My eyesight is terrible so it's best if the peep is up on the receiver for me. The hole in a peep sight is not round for me any more. Lately it's oval; the ovality rotated at 10 o'clock and 4 o'clock. Sad, a peep placed way back on the tang is super accurate and fast.

Never stare, never look at, the rear peep; just look thru it. Your eye will automatically find and center the front sight in the hole if you look THRU the rear peep.

I would go halves with moving the front sight; live with some of the adjustment off-center on the rear. And remember that some front sights only come out one way, left or right, so you can't move some of them too far "the wrong way" (uh, don't ask me how I know that).

It's basic math on how far to move a sight in order to move the point of impact 2" at 100 yards. The old sight makers supplied charts that listed the sight movement per so many inches at 100 yards. I would just set my depth mic for say 0.069" and then tap or click the sight over that far and stop. It would be really close. I'll look for a chart.

.


----------



## wyogoob (Sep 7, 2007)

*take yer MIL, MRAD, and MOA and..........*



Gawd, not many gun enthusiasts using this stuff anymore.

* = at 100 yards

.


----------



## wyogoob (Sep 7, 2007)

*I'm not making this up*



wyogoob said:


> Gawd, not many gun enthusiasts using this stuff anymore.
> 
> * = at 100 yards
> 
> .


I've been using this chart, off and on, for 2 weeks on a couple new used guns I got. It saves a lot of time and wear n tear on hard to come by custom brass.

.


----------



## wyogoob (Sep 7, 2007)

.45, what did you find out on the windage lock, if there is one?

I Googled Marbles, now I'm an expert. What model of sight do you have?

I have yet to find a Marbles sight at the Goober Estate that has the windage adjustment feature. All my stuff is old wornout cheap junk.

Marbles 6R:


----------



## BPturkeys (Sep 13, 2007)

I love the old sights and of course the old guns they came on. Marble and Lyman where the leaders in these sights. Both the Tang and Receiver sights were popular back then and used for both hunting, and target use, when fitted with a small aperture.
They give a rifle a great look and are also very usable especially for us older guys with the bad eyes. 
Here is a Lyman #21 receiver sight fitted on one of my favorite Marlin 1893 rifles (38-55 of course) The #21 has both windage and elevation adjustments.
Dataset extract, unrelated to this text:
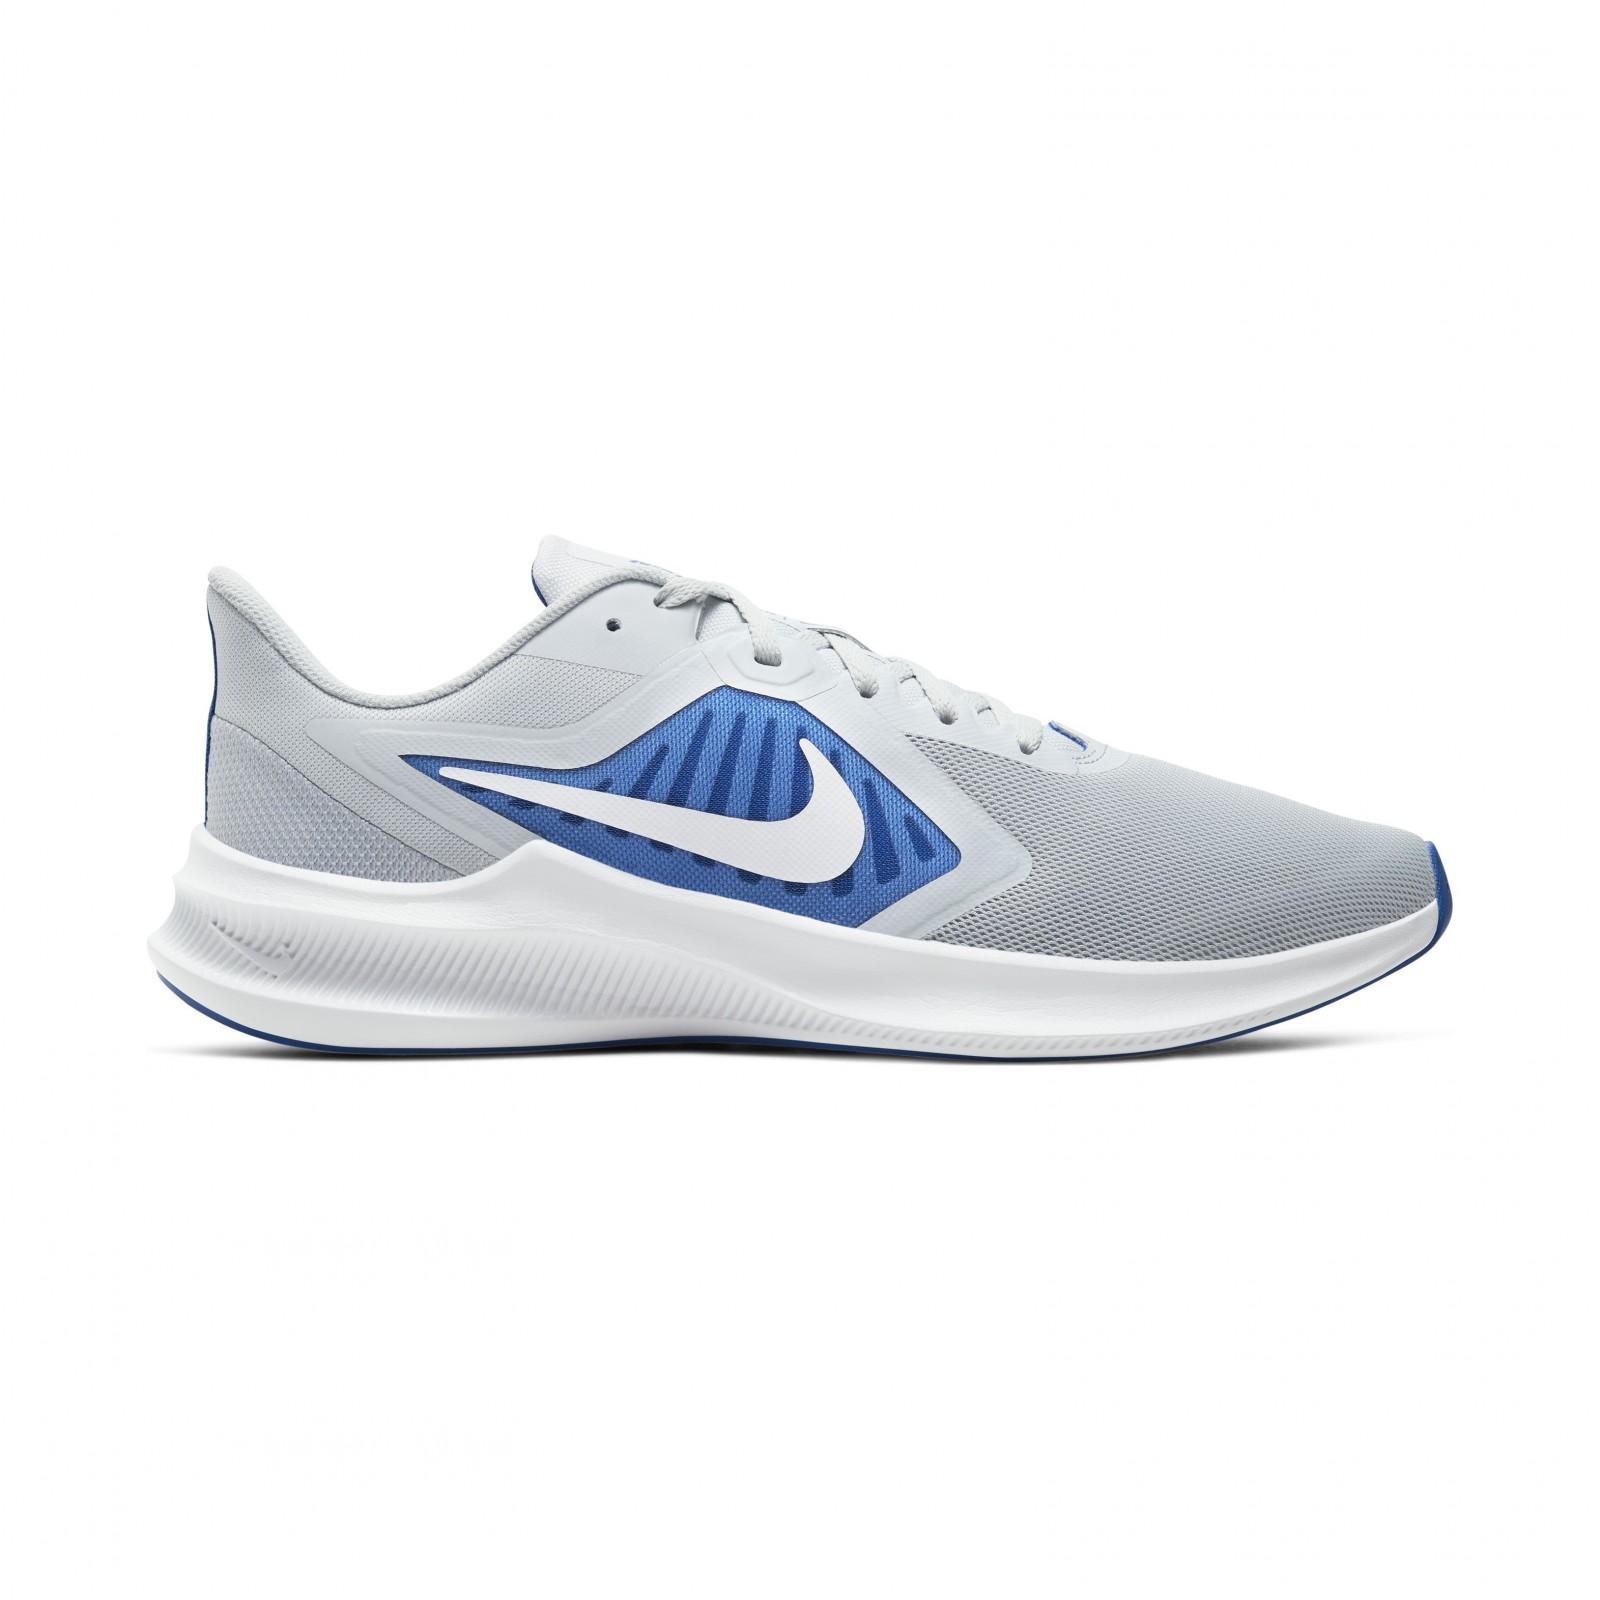 Nike downshifter 10 PURE PLATINUM/WHITE-HYPER ROYAL
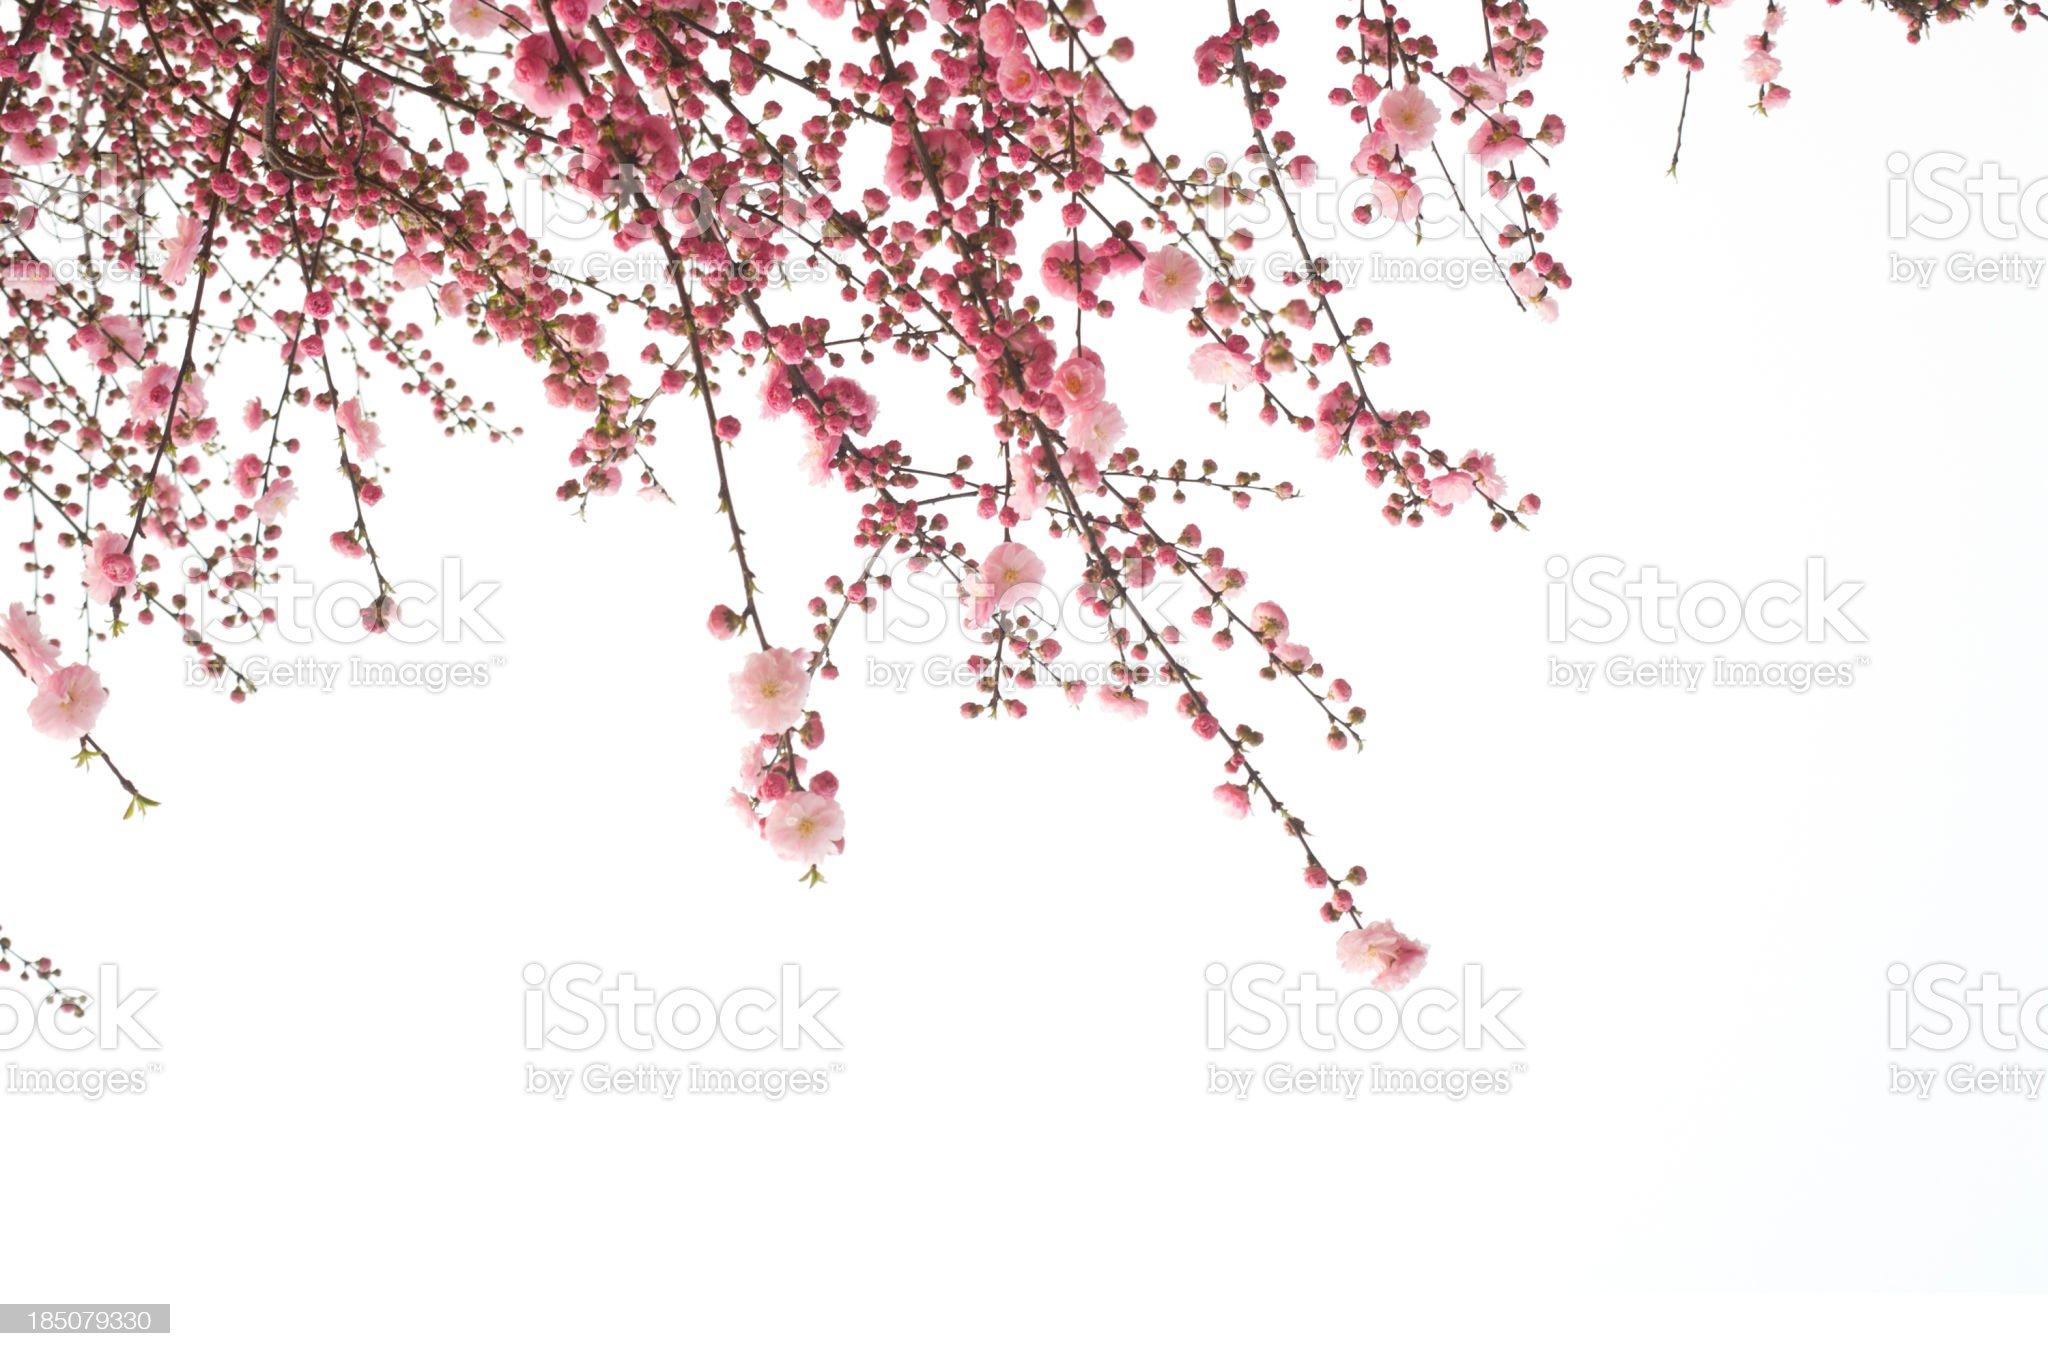 Cherry flower royalty-free stock photo

This one has a nice large aperture for field use and I have taken deer with it.


----------



## wyogoob (Sep 7, 2007)

BPturkeys said:


> I love the old sights and of course the old guns they came on. Marble and Lyman where the leaders in these sights. Both the Tang and Receiver sights were popular back then and used for both hunting, and target use, when fitted with a small aperture.
> They give a rifle a great look and are also very usable especially for us older guys with the bad eyes.
> Here is a Lyman #21 receiver sight fitted on one of my favorite Marlin 1893 rifles (38-55 of course) The #21 has both windage and elevation adjustments. This one has a nice large aperture for field use and I have taken deer with it.


Beautiful, thanks for posting.

My father was in a shooting club back in the 50s and 60s. They shot competitively, 600 yard stuff was max, Army-issue M1 Garand rifles, open sights of course. He used Williams peep sights.

.


----------